Project

General

Profile

UPATED: 22FEB2016 (A.Norman)

Reporting Procedures

During NOvA operations and maintenance different problems will arise with the data acquisition (DAQ) and computing systems. When this occurs the following reporting procedures should be used to document it and escalate the problem through the proper groups so that it is resolved correctly.

The DAQ technical escalation chain (summarized) is:
  • Shifter Reporting
  • DAQ On-call support personnel
  • DAQ group general support (via partner system)
  • DAQ Senior support personnel
  • DAQ Management
  • Pageable professional support
  • Non-pageable professional support

There is also a management chain that is escalated in parallel to the technical escalation:

  • DAQ Management
  • NOvA Operations Management
  • NOvA Collaboration Management
  • Lab Management

This document describes the procedures for advancing between stages.
The following procedures are tailored to the individuals who are interacting with the systems.

NOvA Shifters (Location: NOvA Control Room)

When a NOvA shifter encounters a problem with the DAQ or computing they should:

  • Read the basic trouble shooting page for the DAQ (put link here)

If the problem persists:

  • Open an issue on the DAQ Redmine issue tracking system. Include a description of the problem any relevant error messages or screen shots. (link to instructions for submitting an issue)
  • Call the run coordinator for guidance. Tell the run coordinator the issue number that you submitted. The run coordinator will assess the problem and direct you to the appropriate "expert on call" for the system that you are having problems with.
    • The run coordinator will assign the issue to the appropriate "expert on call"
  • Call the "expert on call" for the subsystem that the run coordinator identified.
    • Tell the expert the issue number that you submitted.
    • Work with the expert as he/she resolves the issue
    • If the issue is able to be resolved, the expert will resolve and close the issue.

If the expert is UNABLE to resolve the problem:

  • The expert will escalate or reassign the issue
    • If the issue is internal to the NOvA subsystem (i.e. requires a different DAQ expert who wasn't on call)
      • The expert will reassign the issue to the appropriate party through the redmine ticket system
      • The expert will contact the appropriate party
    • If the issue is external to NOvA and associated with a supported service (i.e. networking)
      • The expert on call (or run coordinator) will evaluate the situation and escalate the problem
      • If the problem is a critical/pagable event the expert will call the FNAL service desk at (630) 840-2345
      • If the problem not a pagable event, the expert will open a Service Now Incident ticket and include all relevant information
      • The expert on call will update the Redmine issue with the Service Now Ticket number and close the Redmine ticket.
      • The expert on call will make a NOvA logbook entry relating to the incident.
  • The expert will call the NOvA control room and alert them that the incident has been escalated.

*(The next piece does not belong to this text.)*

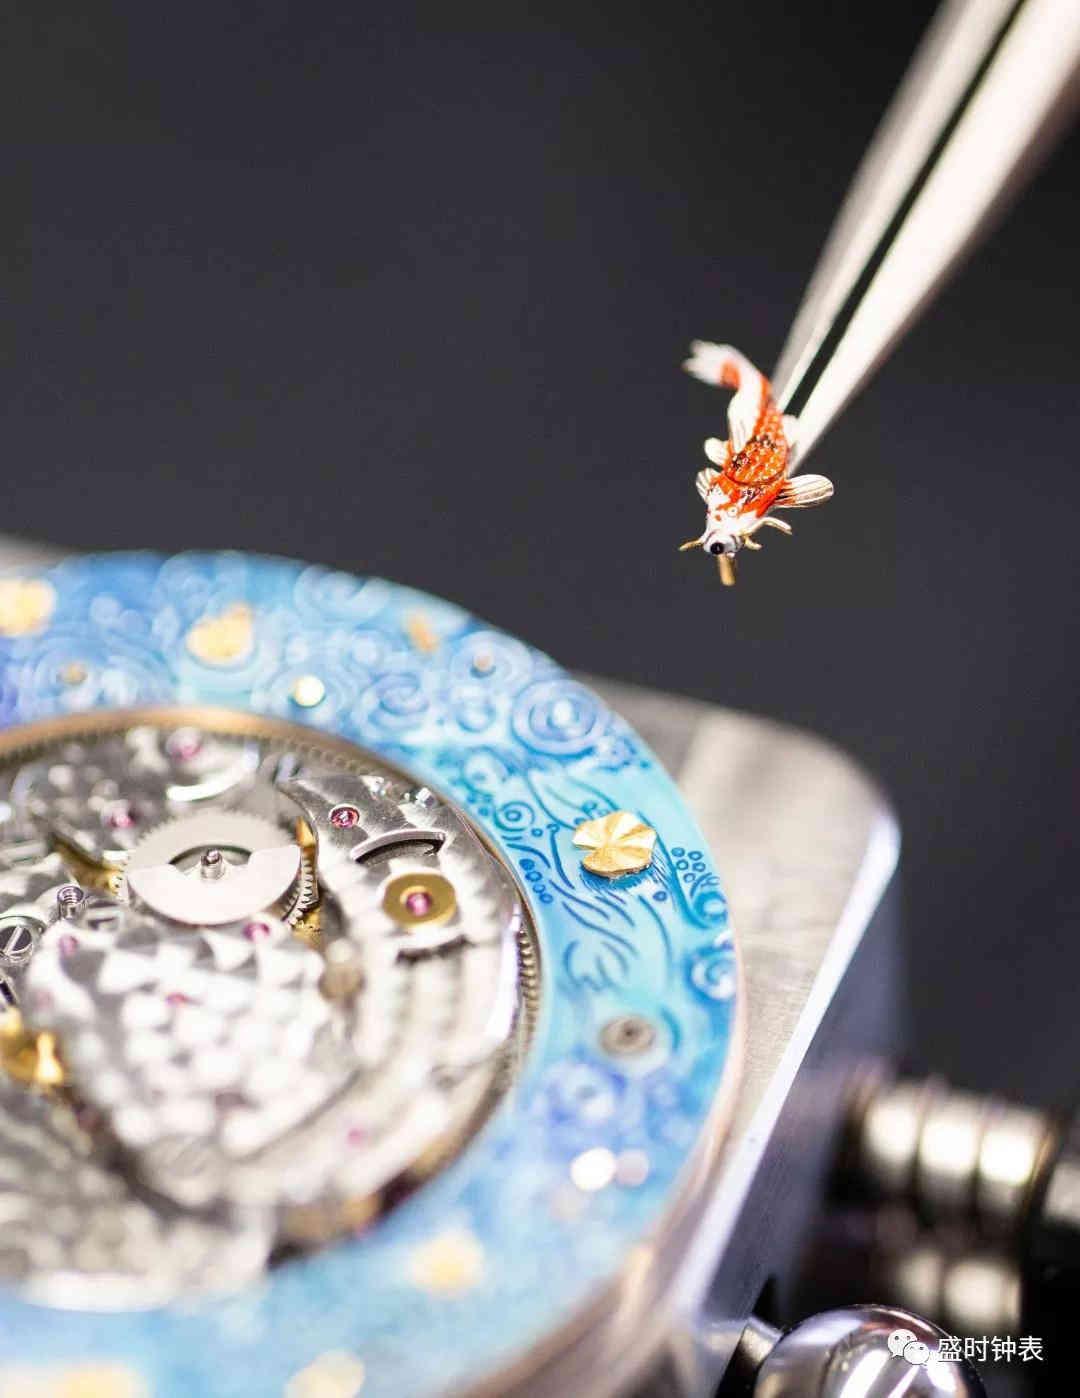 首屆TTM | 歐米茄寶璣寶珀等六大SWATCH品牌新款精華貼

NOvA Technical Personnel (Location: Ash River or FNAL)

When a NOvA technical person encounters a problem with the DAQ or computing they should:

  • Read the basic trouble shooting page for Technical systems (put link here)

If the problem persists:

  • Call the NOvA run coordinator for guidance. Describe the problem you are having to the run coordinator.
    • The run coordinator will assess the problem
    • If the problem relates to an internal NOvA system
      • The run coordinator will open a Redmine issue relating to the problem and assign it to the "expert on call" for the system that is effected.
      • The run coordinator will contact the "expert on call" for the system that is having problems with.
      • The expert on call will work on the problem
  • If the problem relates to an external system (networking etc...)
    • The run coordinator will
    • The run coordinator will open a Service Now Ticket.